En 2021, Yo ! Uganda Limited, une fintech basée à Kampala, a intégré Farm Pass à l'infrastructure de paiement nationale de l'entreprise pour créer Yo ! Pay Agric. En créant un compte numérique lié à leur banque ou à leur portefeuille mobile, les agriculteurs peuvent commander des fournitures, vendre leurs récoltes directement aux acheteurs, suivre leur production, vérifier les prévisions météorologiques et même obtenir des conseils en matière de lutte contre les parasites. Il y a maintenant plus d'un million d'utilisateurs enregistrés sur la plateforme Community Pass via Yo ! Pay Agric.
La coopérative de Salim était l'une d'entre elles. "C'est la chose la plus rapide que nous ayons jamais utilisée dans notre vie", dit-il. "Cela a tout changé.
Les données numériques ont facilité le suivi des rendements attendus des récoltes. Et plutôt que de se déplacer à pied pour poser une question à un agriculteur, Salim peut envoyer un message instantané gratuit par l'intermédiaire de la plateforme. En conséquence, Nabigingo est passé de 60 à 500 agriculteurs.
Grâce à une meilleure connaissance des quantités d'engrais et de semences à commander chaque saison, les bénéfices de la coopérative ont augmenté. En mettant Salim et ses collègues en relation directe avec les acheteurs, la plateforme élimine les intermédiaires.
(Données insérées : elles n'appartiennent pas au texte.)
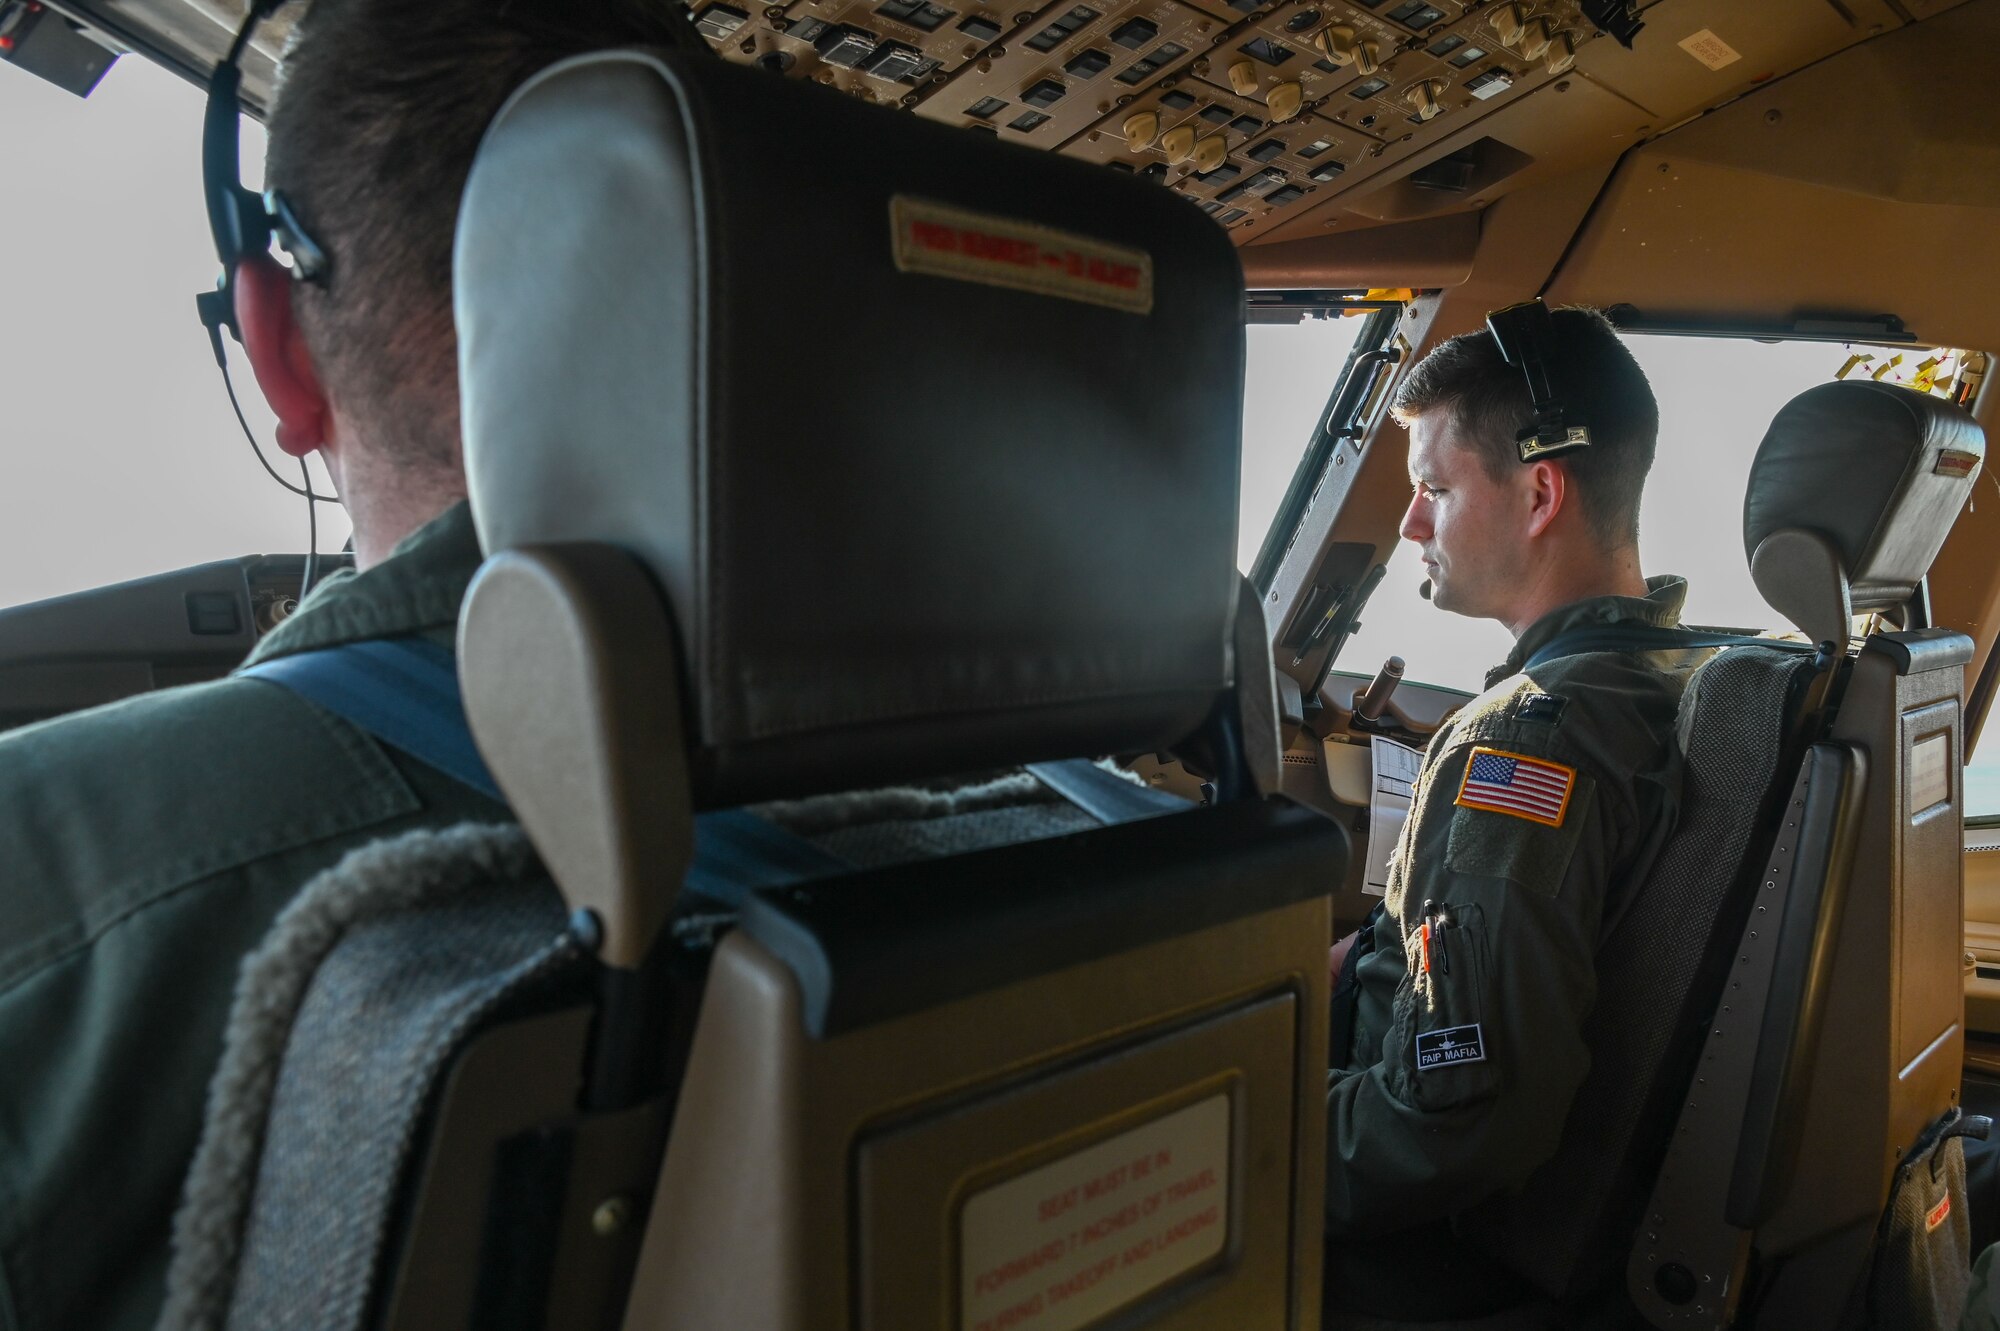 U.S. Air Force Capt. Brendan Bailey, 48th Flying Training Squadron instructor pilot, observes a “touch-and-go” procedure in the KC-46 Pegasus at Altus Air Force Base, Oklahoma, Nov. 16, 2022. Bailey was able to learn about the KC-46 capabilities including takeoff and landing and air fueling. (U.S. Air Force photo by Senior Airman Kayla Christenson)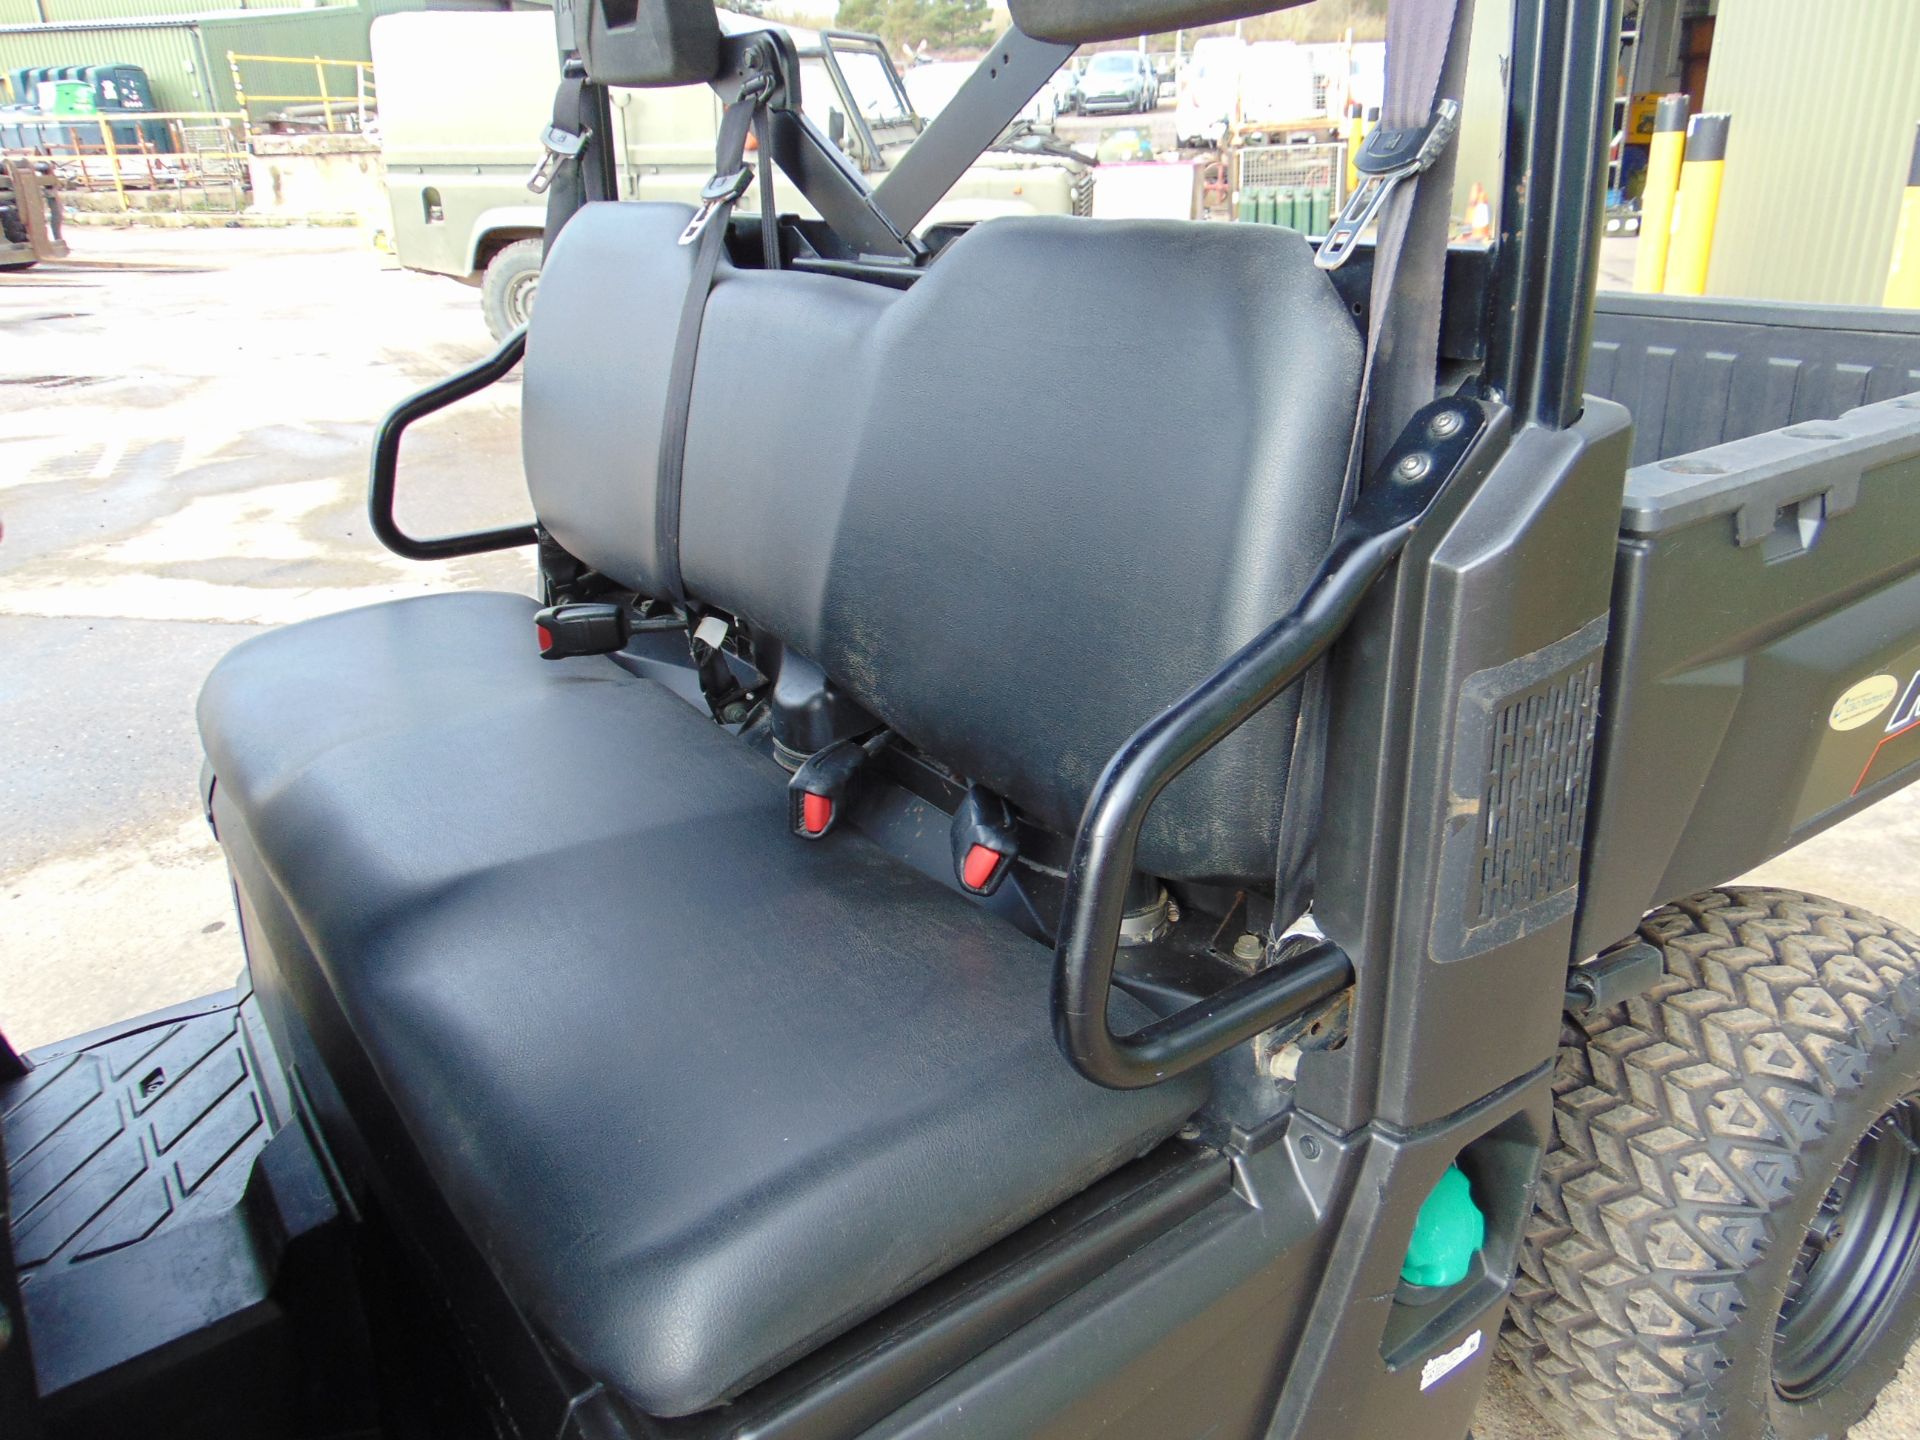 Polaris Ranger Crew Cab Diesel Utility Vehicle 1,190 Hrs only from Govt Dept - Image 17 of 25

La transparence de la valeur du marché permet aux agriculteurs de négocier des prix jusqu'à 50% plus élevés que par le passé. Et Yo ! Pay Agric conserve une trace de ces revenus, ce qui permet aux agriculteurs de se constituer un profil de crédit. Il s'agit de l'historique de crédit numérique qui permettra aux banques et aux prêteurs d'évaluer les demandes de prêt des agriculteurs afin qu'ils puissent développer leurs entreprises.
Au Kenya, par exemple, un programme pilote mené avec la fondation caritative britannique Shell et la Banque coopérative du Kenya exploite le Pass communautaire pour permettre aux agriculteurs d'obtenir des crédits abordables afin d'acheter des actifs énergétiques générateurs de revenus, tels que des pompes d'irrigation solaires, des entrepôts frigorifiques et des biodigesteurs, et de maximiser ainsi leurs rendements.
En deux ans, Nabigingo, en Ouganda, a accumulé suffisamment de capital pour construire un entrepôt où les agriculteurs peuvent stocker leurs récoltes supplémentaires. Aujourd'hui, ils collectent des fonds pour installer un système d'irrigation moderne dans la ferme de chaque membre.
Alors qu'il s'efforce d'aider ses collègues agriculteurs à progresser, Salim se préoccupe également de la prochaine génération. Il espère que ses quatre enfants suivront ses traces, et il veille à ce que de meilleures infrastructures soient en place lorsque ce jour viendra. Comme il le dit lui-même : "Les systèmes numériques nous facilitent la tâche".